2. An email administrator sets up a new mail server at IP 198.51.100.25 and creates an A record: `mail.example.com A 198.51.100.25`, and an MX record: `example.com MX 10 mail.example.com.` However, outgoing email from this server is being rejected by many receiving servers with "550 Host not found." What critical DNS record is missing?

A. A CNAME for mail.example.com pointing to the IP address B. A TXT record containing the SPF policy C. An additional MX record with a different priority for redundancy D. A PTR record mapping 198.51.100.25 back to mail.example.com — receiving mail servers perform reverse DNS lookups on connecting IPs; a missing PTR causes rejection as spam or fraud

Correct answer is D. The PTR record (reverse DNS) is the missing element. When Gmail, Outlook, or another receiving mail server gets an SMTP connection from 198.51.100.25, it performs a reverse DNS lookup (PTR query). If no PTR record exists — or the PTR hostname doesn't forward- resolve back to the same IP (FCrDNS) — the receiving server treats it as suspicious and rejects the connection. The PTR record for 198.51.100.25 must be created by the owner of the IP block (the ISP or hosting provider), not the domain owner. The domain owner must request: PTR for 198.51.100.25 → mail.example.com. Verify with: dig -x 198.51.100.25.

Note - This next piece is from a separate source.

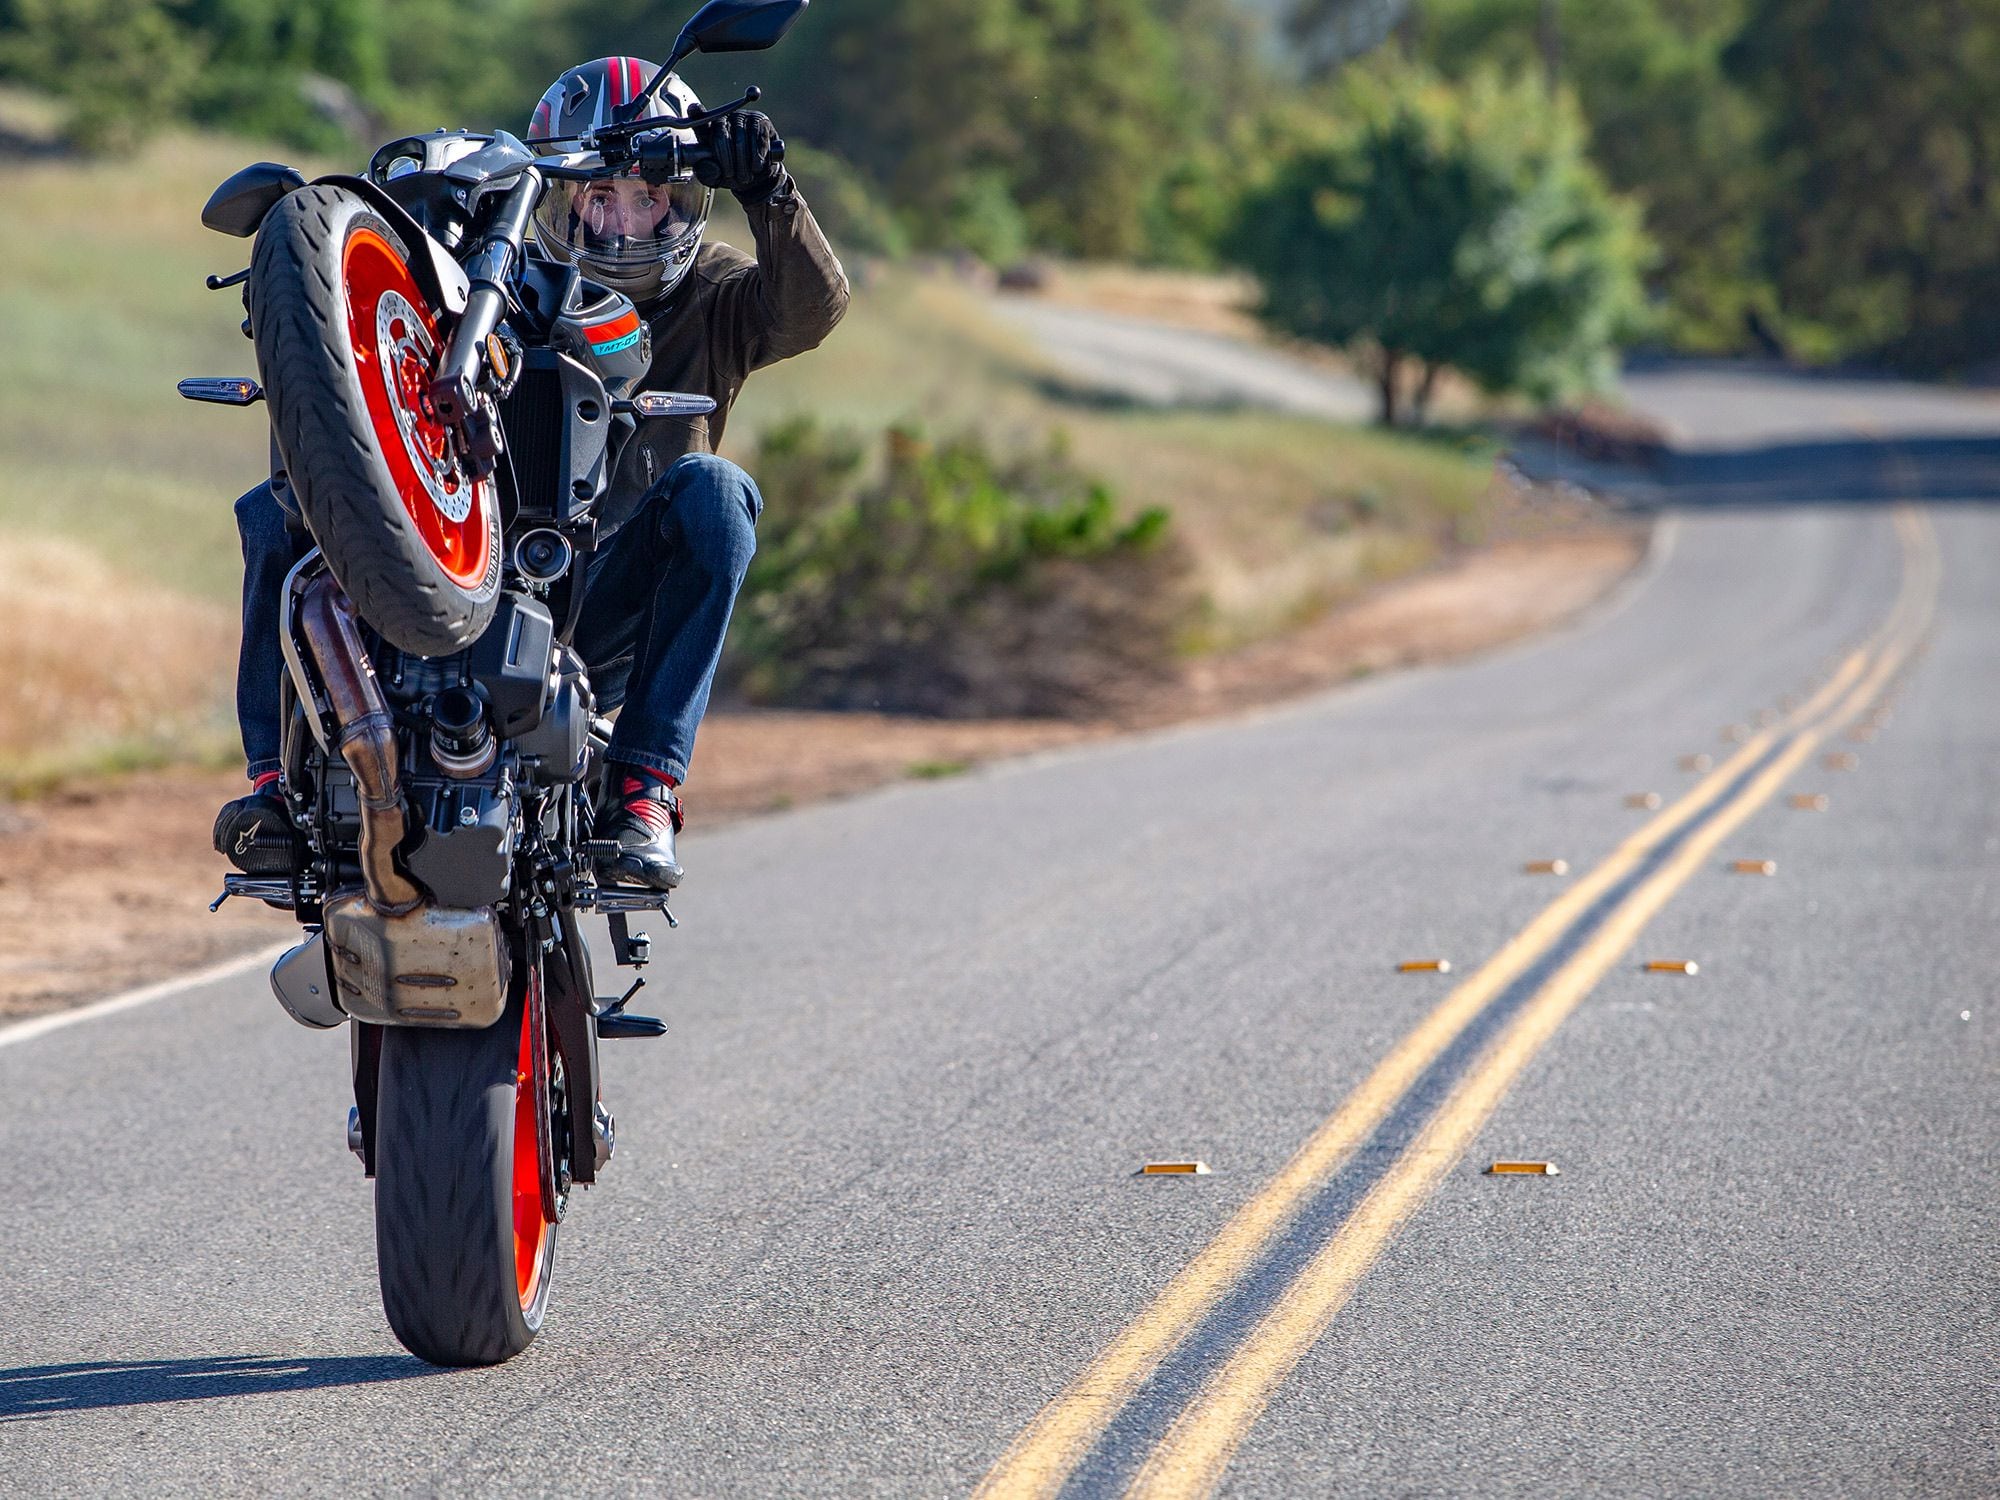 Short gearing and a flat torque curve ensures the MT-07′s hooligan character remains intact.

3. A DNS zone's SOA record has a serial number of 2024031501. The zone administrator makes multiple record changes (adds 3 A records, modifies 1 MX record, and deletes 1 TXT record) but forgets to increment the serial. Secondary nameservers were last synced at serial 2024031501. What happens when the secondary checks for updates?

A. The secondary detects the content changes and performs a zone transfer automatically B. The secondary immediately flags an error and sends an alert C. The secondary compares serials — primary = 2024031501, secondary = 2024031501 — no update needed, zone transfer skipped; the secondary continues serving stale data D. The secondary's Refresh timer resets and it waits the full Refresh interval before checking again

Correct answer is C. Secondary nameservers determine whether to perform a zone transfer solely by comparing serial numbers. If the primary's serial equals the secondary's serial, the secondary concludes there are no changes and skips the zone transfer. The secondary continues serving its cached (now stale) version of the zone. The actual record changes are invisible to the secondary until the serial is incremented. This is why incrementing the SOA serial on every zone change is a mandatory operational requirement. The conventional format YYYYMMDDNN (e.g., 2024031502 for the second change on March 15, 2024) makes it easy to track when changes were made.

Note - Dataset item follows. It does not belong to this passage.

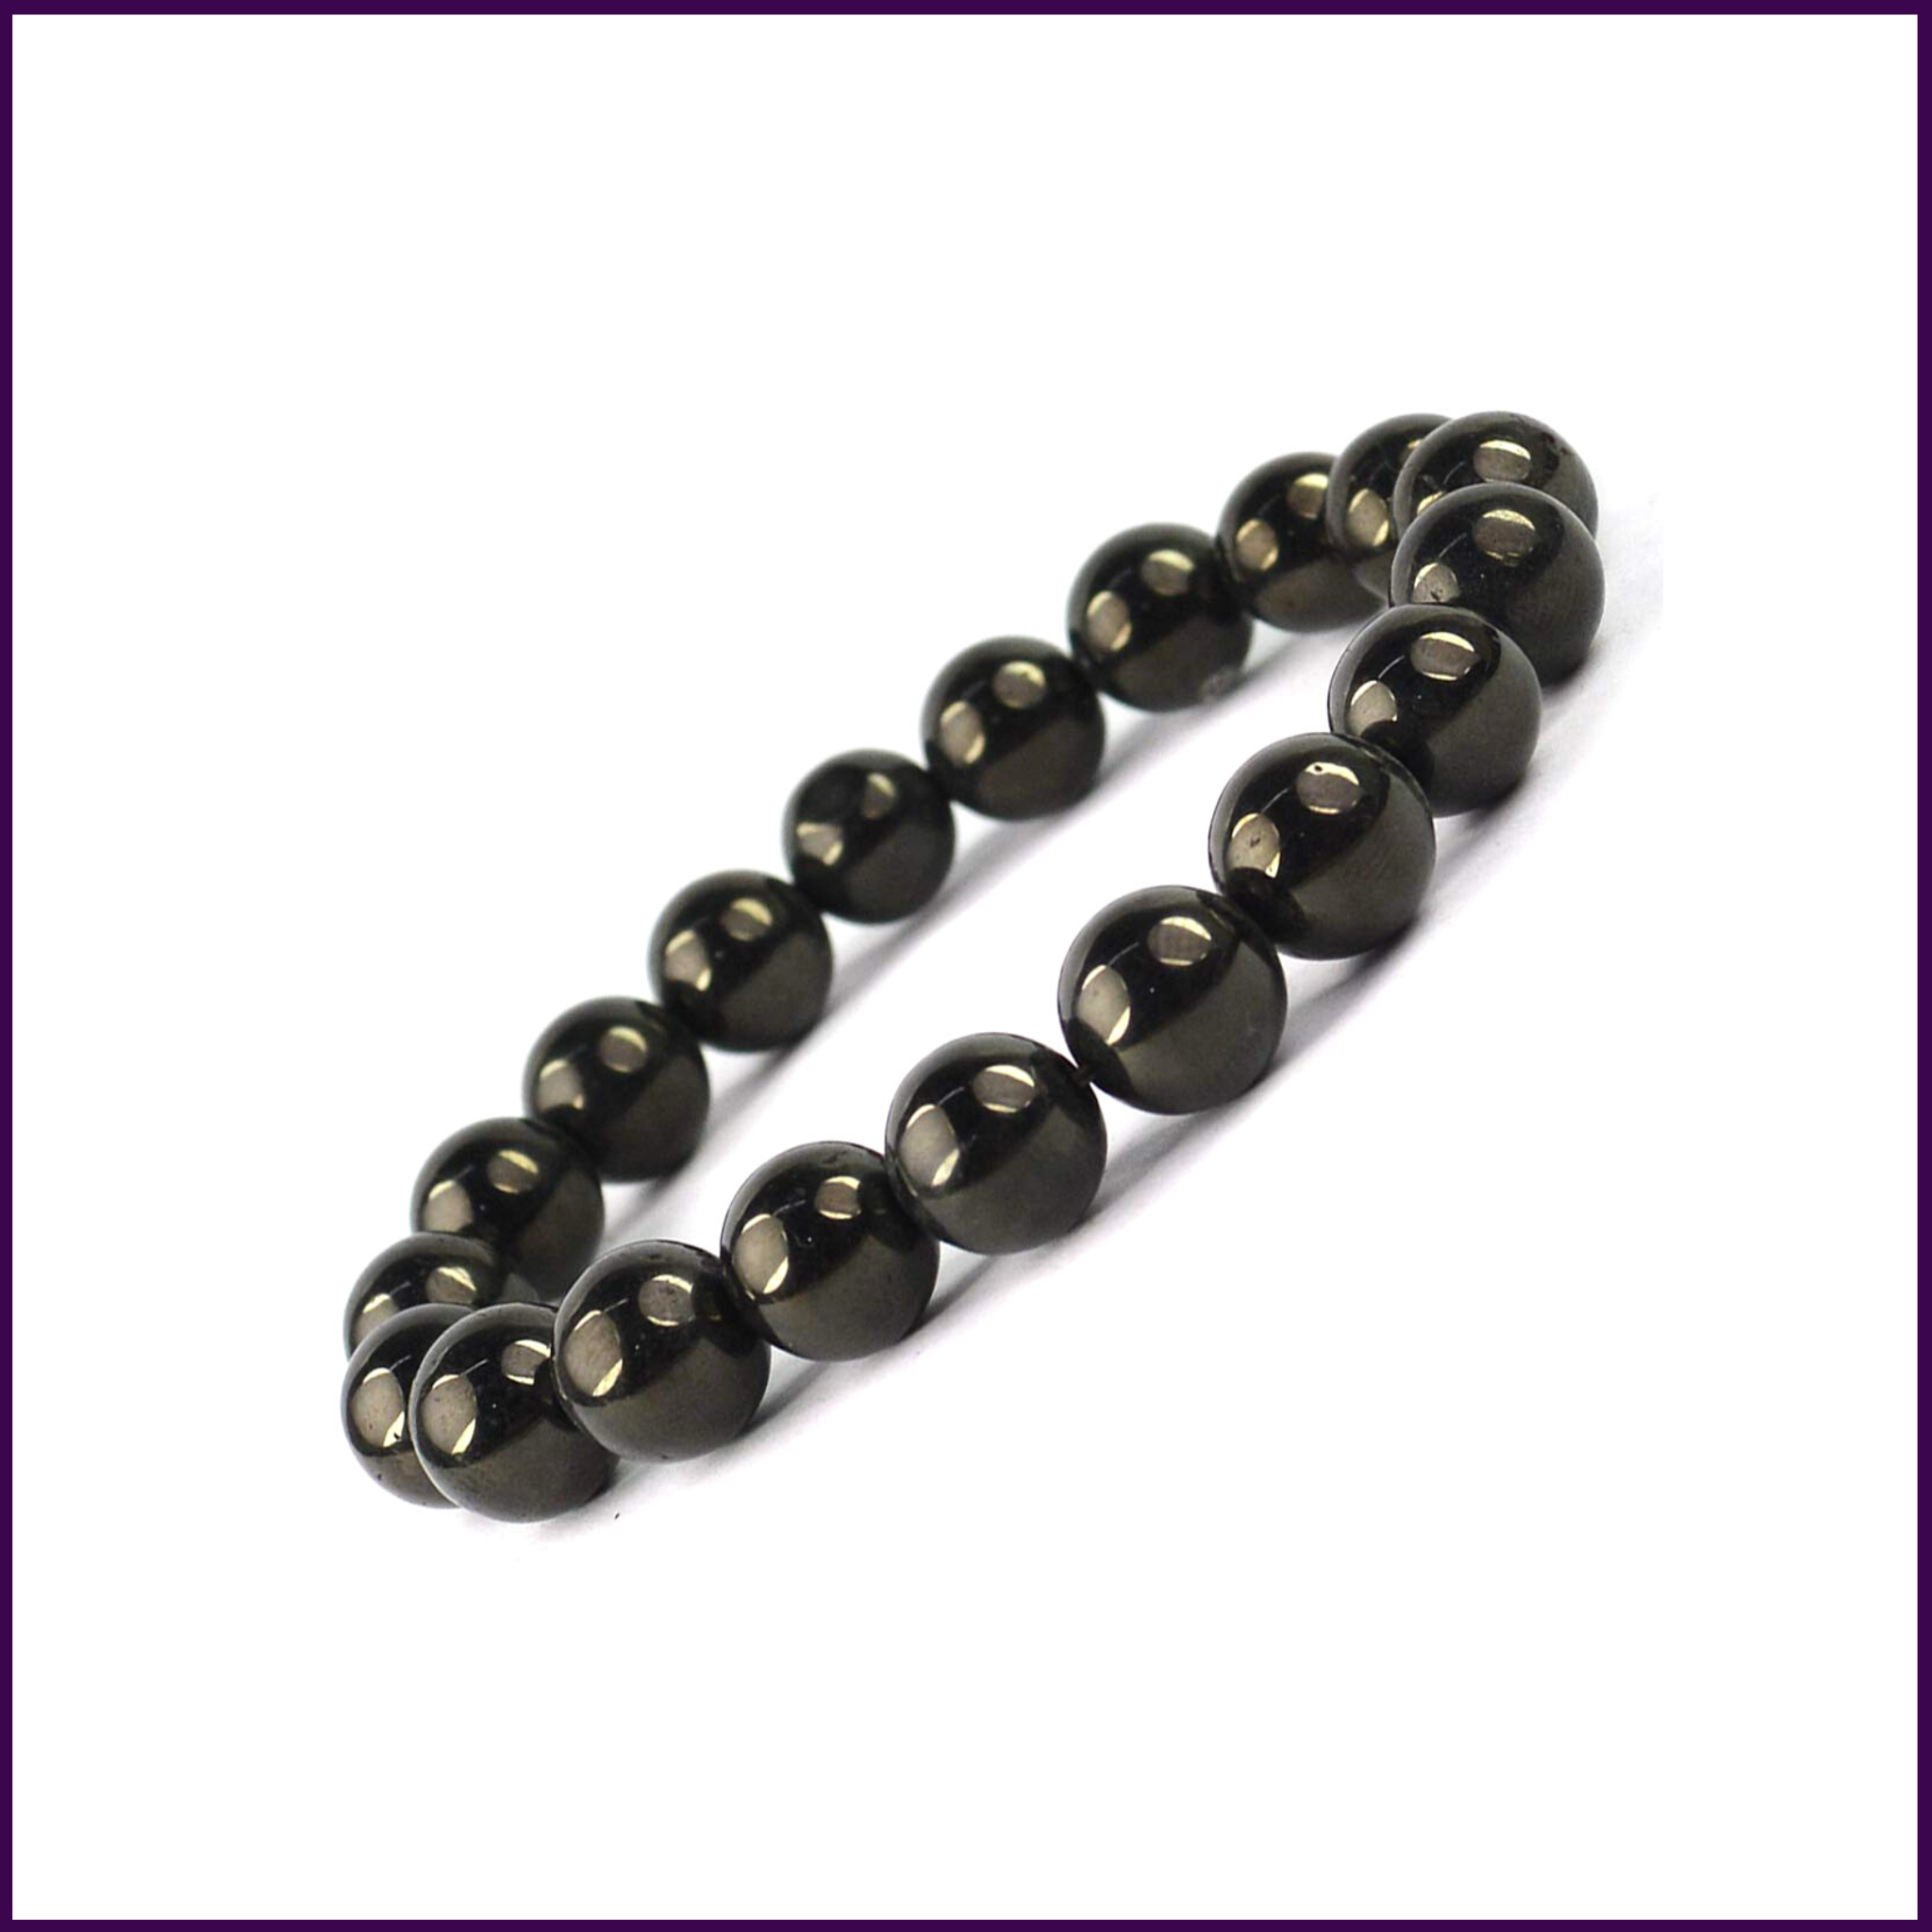 Natural Black Agate Crystal Bracelet For Students To Increase Focus, Courage & Success - 51pyramids

4. A company's domain `example.com` has this SPF TXT record: `"v=spf1 ip4:203.0.113.0/24 include:_spf.mailprovider.com -all"` An employee configures a new email relay server at IP 10.20.30.40. Email from this new server to external recipients bounces with an SPF failure. What is the cause and fix?

A. The new server's IP (10.20.30.40) is not authorised in the SPF record — it is not in 203.0.113.0/24 and not included in the mail provider's SPF. Add ip4:10.20.30.40 to the SPF TXT record and increment the SOA serial. B. The -all at the end should be changed to ~all to fix the delivery issue C. A new MX record must be added for the relay server D. The DMARC policy is rejecting the email regardless of SPF

Correct answer is A. SPF works by listing every IP address authorised to send email for the domain. The existing record authorises only 203.0.113.0/24 and the mail provider's IPs. The new relay at 10.20.30.40 is not in either list. When receiving servers check SPF for email arriving from 10.20.30.40, no mechanism matches and the -all qualifier causes a hard fail (reject). Fix: add ip4:10.20.30.40 to the SPF TXT record:

"v=spf1 ip4:203.0.113.0/24 ip4:10.20.30.40
                  include:_spf.mailprovider.com -all"

. Note: changing -all to ~all (option B) would soften the policy from "reject" to "mark as spam" but would not fix the fundamental missing authorisation problem.

5. A network engineer runs `dig example.com NS` and sees the NS records in the ANSWER section plus A records for the nameservers in the ADDITIONAL section. What is the name for those A records in the ADDITIONAL section, and why are they necessary?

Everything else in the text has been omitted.